L’album rappresenta la loro vera anima live, dato che è stato registrato dall’intera band in presa diretta con pochissime sovraincisioni successive.

La musica si muove su coordinate care all’hard rock degli anni ‘70, ma in essa si sentono in maniera marcata i vagiti protometal che stanno gettando i semi per la decade che sta arrivando, soprattutto oltremanica.

Grande spazio viene lasciato alla solista che scorrazza inarrestabile a destra e a manca, manifestandosi come elemento dominante della band.

“Arachnoid” anticipa i primi AngelWitch, mentre “Fly the sky” si muove anch’essa su territori premonitori della nwobhm per poi lasciare spazio all’ambientazione settantiana della strumentale “Sugar sweet lady” in cui l’influenza dei già citati Wishbone Ash fa capolino.

“Last Good-bye” è il pezzo clou dell’album, uno di quei brani che qualsiasi band underground vorrebbe scrivere, dove la drammaticità del titolo viene magistralmente interpretata dalla voce e da infiniti e ispirati assoli.

“Slippin away” strizza l’occhio agli Armageddon, “Snowshit” e “Airborne” uniscono alla perfezione l’indole protometal con quella hard settantiana, mentre in “Sorcerer” e in “Schitzoid” prevale nettamente la prima.

Da notare l’aggiunta di due bonus sotto il nome Wicked Head, altro progetto correlato di Kirk Bryk.

A seguito dell’uscita dell’album, la band riprende le esibizioni dal vivo, ma di lì a poco subisce due defezioni: la prima è quella del fondatore Paul Koster che, per motivi personali, lascia il posto a Mike Shadel; la seconda è quella del vocalist Tim Barrett, che la band avvicenda con Jim Kelly, la cui voce è ritenuta più aggressiva e adatta al sound.

A metà del 1979 i Sorcery tornano in studio per il secondo album, “Till death do we part”, in cui, godendo dell’esperienza maturata, le varie parti vengo registrate separatamente.

L’album esce nel 1980 e subito la band si mette in tour per promuoverlo, senza contare l’uscita di un paio di video clip (“The ogre” e “Fly away”) per la nascente MTV.

Con l’ingresso del nuovo cantante e con due anni di esperienza in più, il suono della band acquisisce potenza anche grazie ad una registrazione migliore.
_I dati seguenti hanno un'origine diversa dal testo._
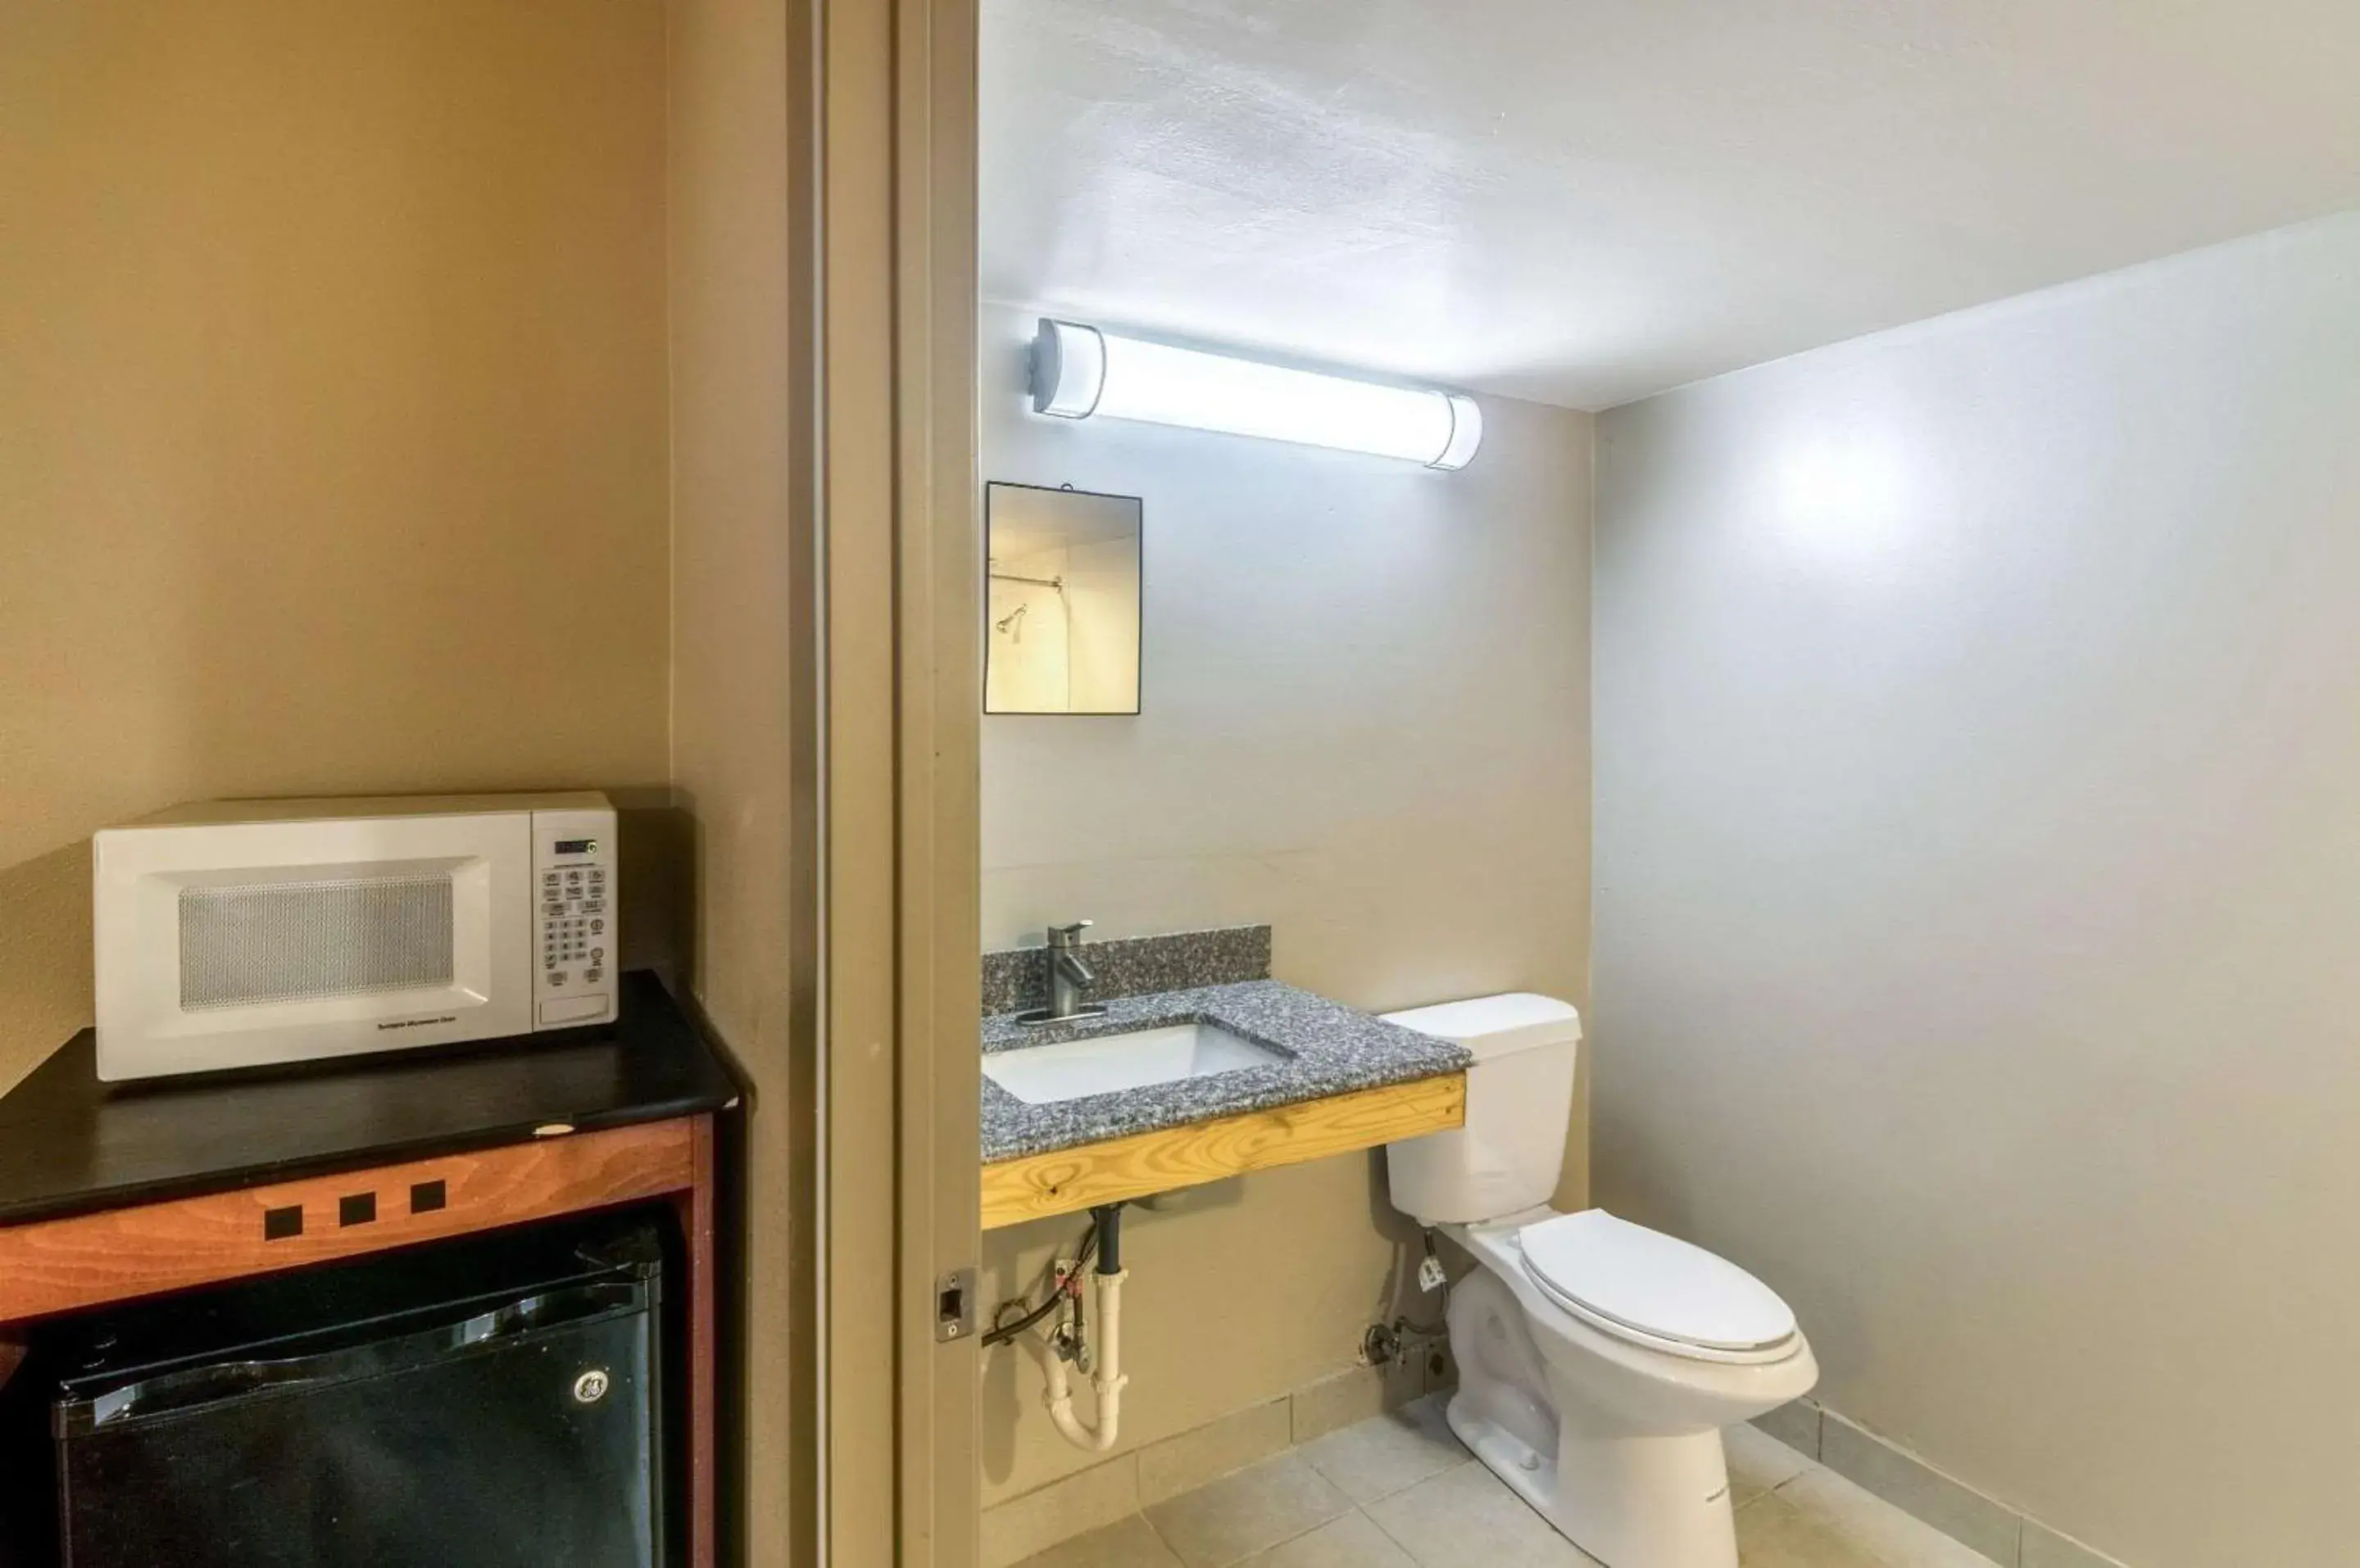 Photo of the whole room, Bathroom in Rodeway Inn Arlington

“Ogre” porta il suono su sponda americana con un grande refrain, “Ruby red” fa andare le tacche dei decibel proprio sul rosso, “Fly away” cerca di avvicinarsi a “Last good-bye” del precedente, mentre “Right to survive” torna su territori della scena metal che si sta delineando.
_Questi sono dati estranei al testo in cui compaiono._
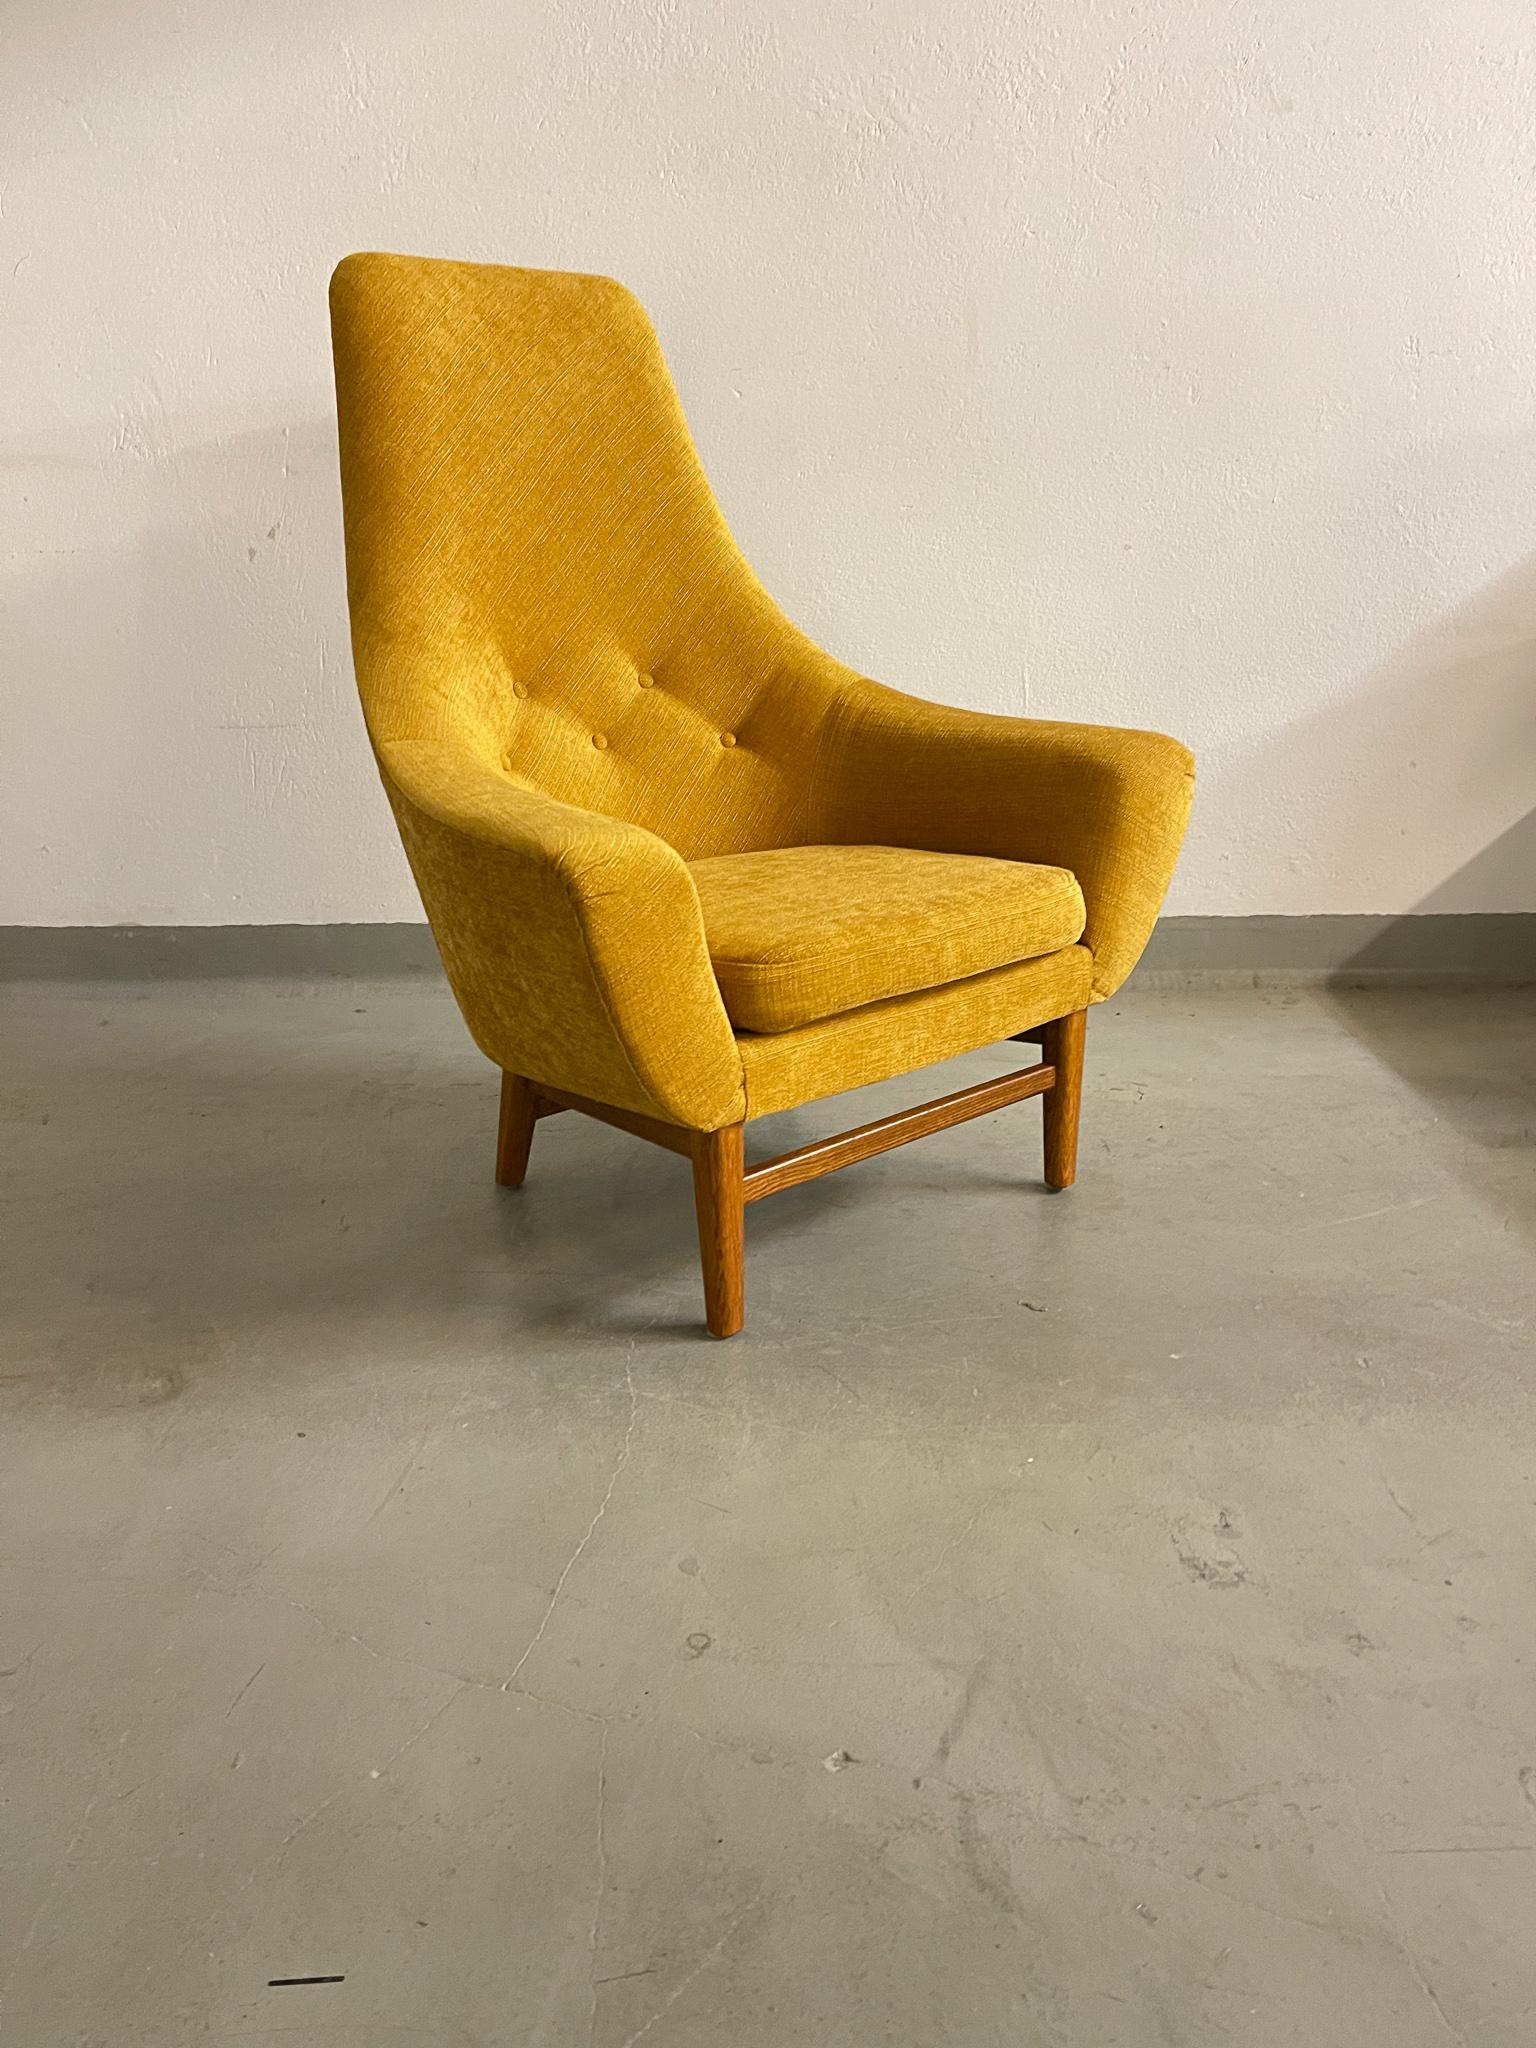 Swedish Midcentury Mustard Colored Lounge Chair S.M. Wincrantz, Sweden

La title track tiene fede al nome sinistro della band e alle sue copertine, presentandoci un brano teatrale e molto originale, quasi come se i Black Widow flirtassero con Alice Cooper.
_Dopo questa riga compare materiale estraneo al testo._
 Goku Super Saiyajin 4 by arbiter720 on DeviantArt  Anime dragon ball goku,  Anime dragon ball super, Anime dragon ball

Ancora un heavy rock a stelle e strisce caratterizza “Borderline”, “Running” e “Barbara”.

Anche qui troviamo due bonus, una sempre tratta dal progetto Wicked Head del 1983 e una in cui la “Slippin away” del disco precedente viene reinterpretata dal nuovo vocalist.

Nel 1981 la band è nuovamente in studio per le registrazioni del terzo album, prodotto da Tom Miller e da Kirk Bryk, ma la casa discografica si rifiuta di realizzarlo poiché vorrebbe un sound più commerciale non gradito al gruppo.

Di fatto si decreta la fine della storia e l’inizio del culto, anche se nel 1982 il nuovo management li convince a proseguire come The Kirk Brik Band (da notare il nome del chitarrista con la “i” al posto della “y”), ma tutto ciò procura solo un 7”, “Fast car”, contenente il brano omonimo e “Answers”.

Un plauso alla Cult Metal Classics per aver ristampato in lp e cd in edizione limitata due album da culto che ormai erano difficilmente reperibili se non mettendo mano al portafoglio in maniera consistente, soprattutto per il secondo album.